Ricchiardi-Folwell Explain that because of the frequent nature of sexual assault, women are so indifferent to the harassment that leads them to believe that they are alone. Talking helps counter feelings of loneliness.

It then plays a role for media employers in making sure their journalists are safe on their platforms and recognizing how exposing online or offline attacks might affect women’s confidence.

Folajaiye Kareem, a clinical psychologist in Abuja, Nigeria, points out that feeling excluded and fearful of the next attack, female journalists may avoid reporting stories they deem important and worry about.

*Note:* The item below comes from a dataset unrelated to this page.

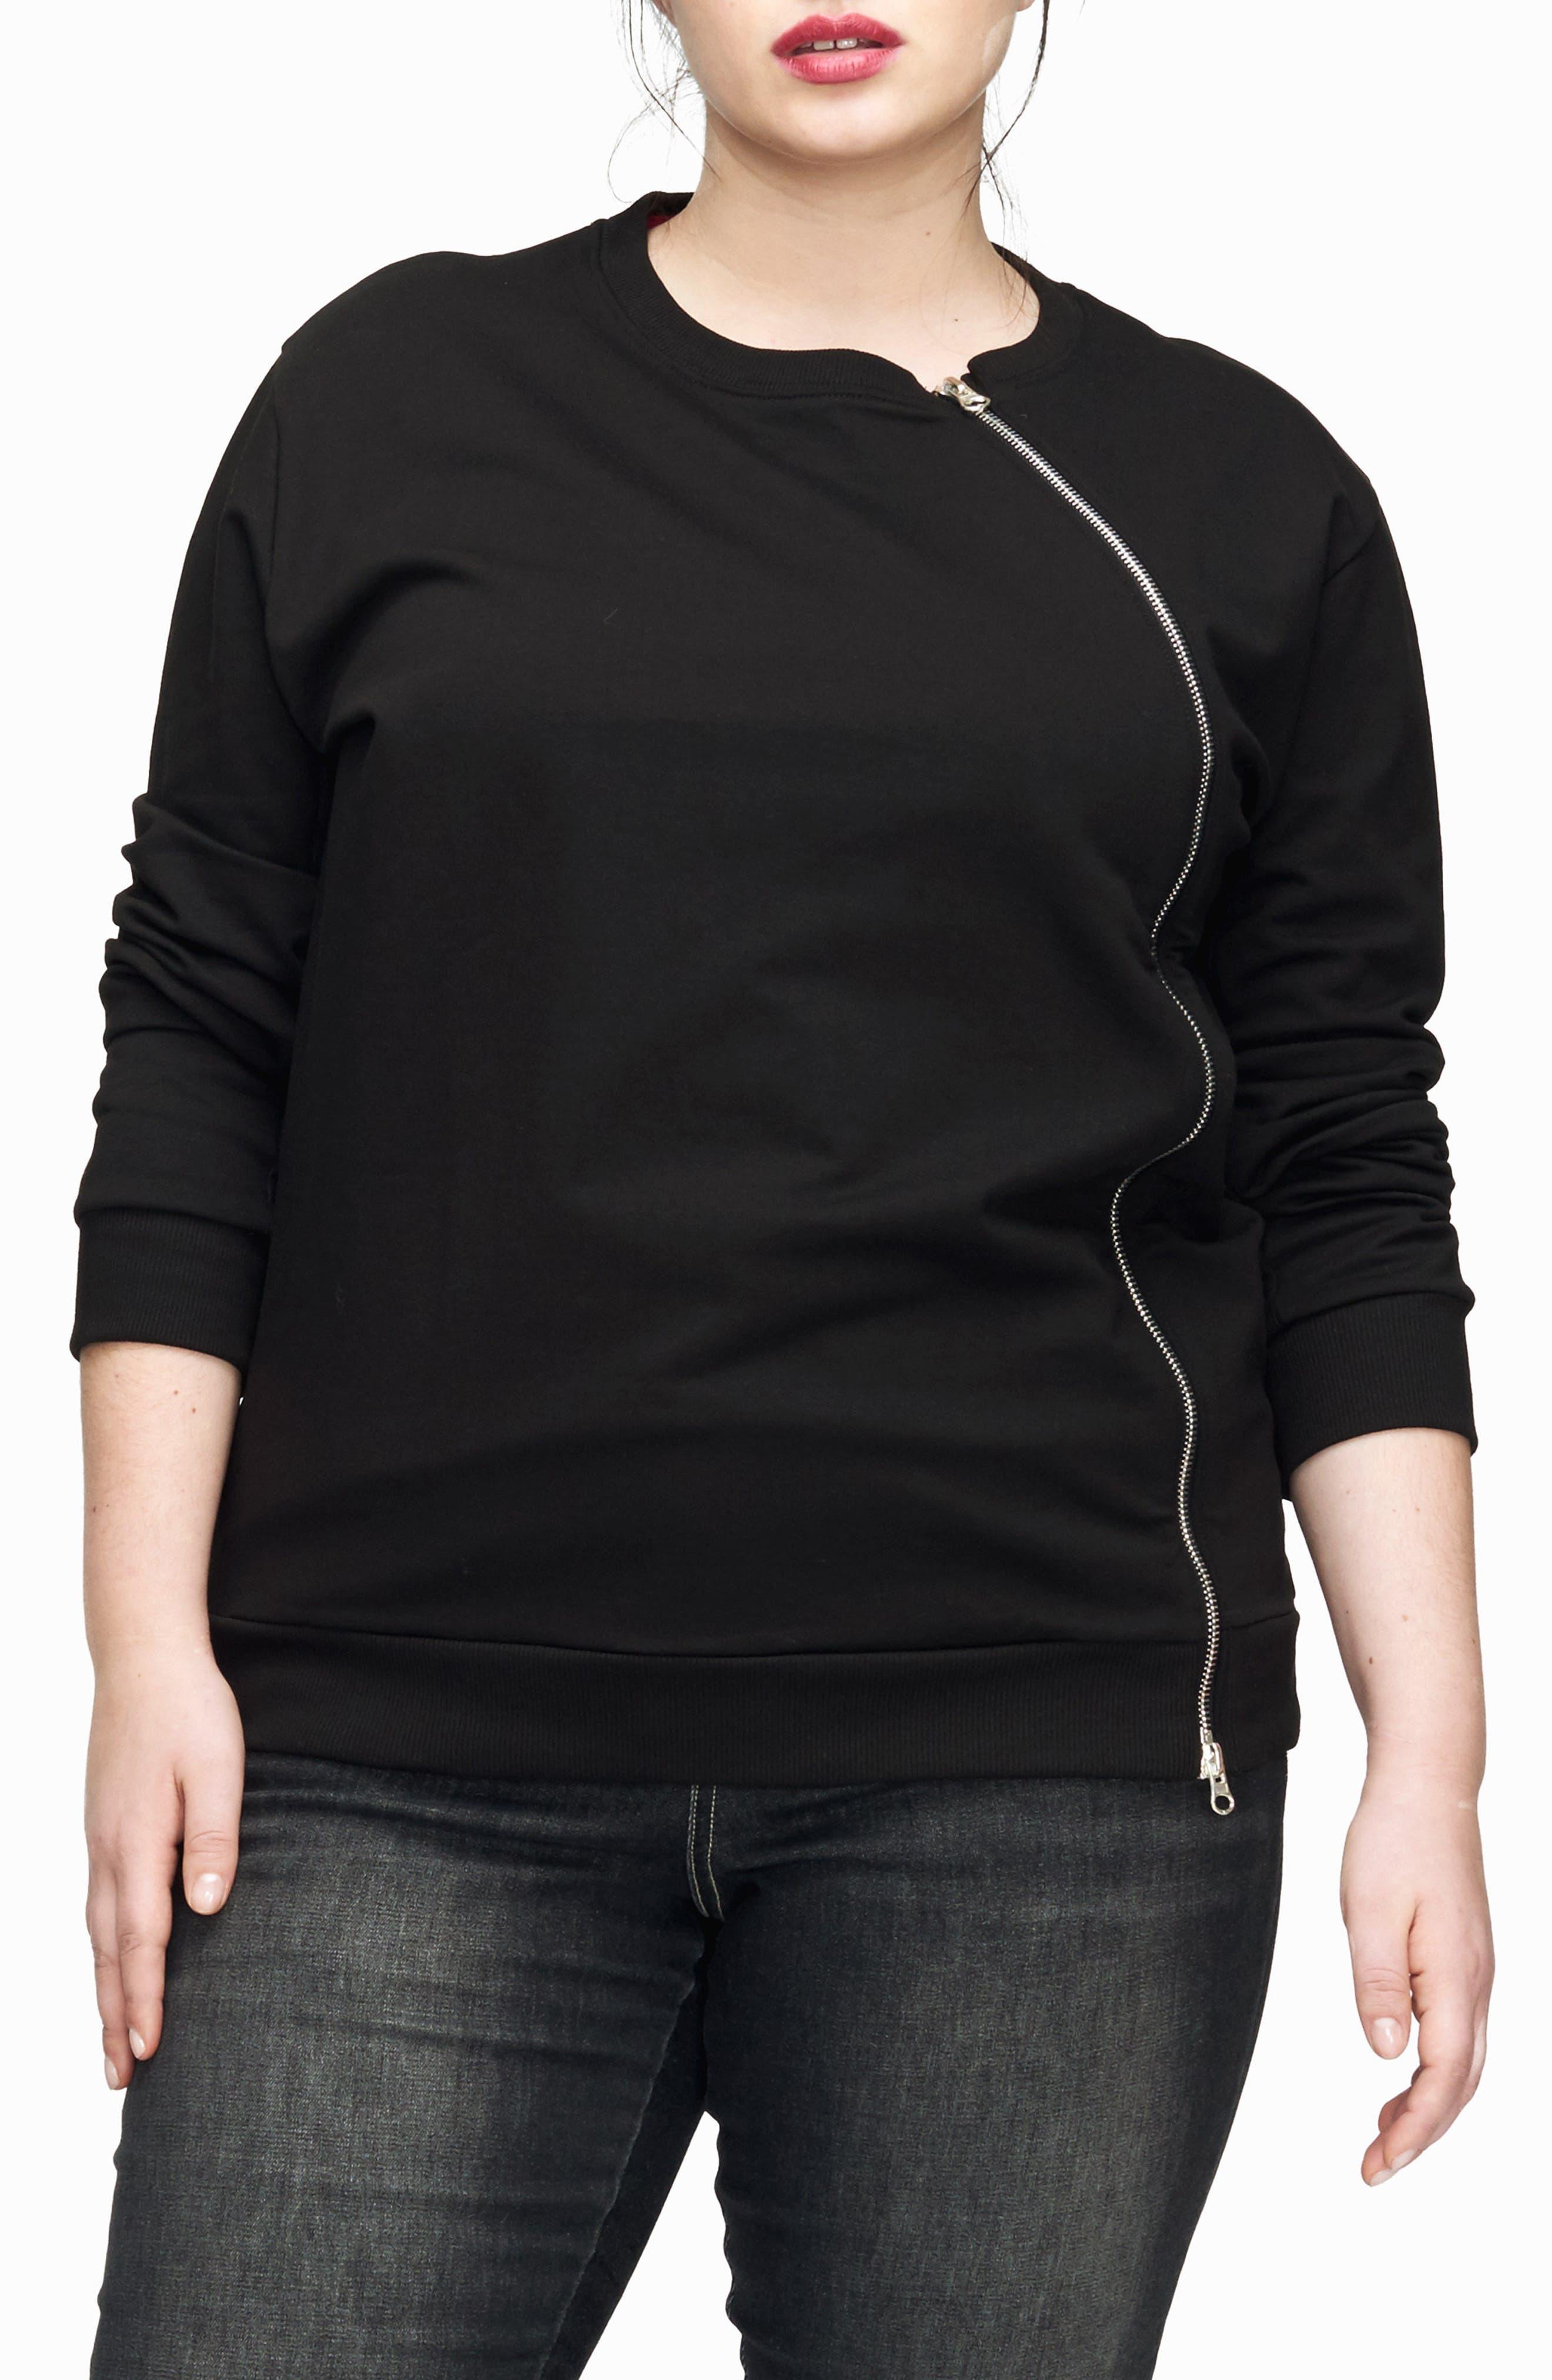 Meridian Zip Front Sweatshirt,                             Main thumbnail 1, color,                             Black

Take a leadership position

“If you look at this, it is synonymous with a traumatic response, for example, they’re anxious and expecting them to be threatened by this story, potentially making them surrender to defend themselves,” he said.

The ICFJ / UNESCO report offers a total of 28 recommendations, including “making social media companies more explicit responsibility to combat online violence against women journalists” and “recognize and work to combat online violence against women journalists”. The role of staff involved in large-scale facilitation and organization Continued attacking female journalists online. “

For Ixchíu Hernández, the support network is invaluable to her recovery and resilience as she continues to report on the destruction of biodiversity in Guatemala. Mine gives me the strength to keep going, ”she said.

“But editors should understand that women can precisely make great explorers, researchers and interviewers, because the vast majority of powerful people are men – who can understand better than women and discover what these men are doing. Stay, ”she asked.

“We are less likely to excuse them precisely because we are not in the traditional boys’ club.”

Read more from the As Equals series.

If you are affected by any of the issues mentioned in this story or a cry for help – you are not alone. A directory of resources and an international hotline powered by International Association for Suicide Prevention, you can also turn to Befrienders Worldwide.

Edited by Eliza Anyangwe.Audio file edited by Corinne Chin.Designed and developed by Peter Robertson and Byron Manley.

Top left image credit: Aida Alami / Ferial Haffajee / Jessikka Aro by Laura Pohjavirta, Finnish Broadcasting Company / Maria Ressa by Franz Lopez, Rappler from bottom left: Andrea Ixchíu / Natalia Żaba / Nana Ama Agyemang Asante / Zaina Erhaim.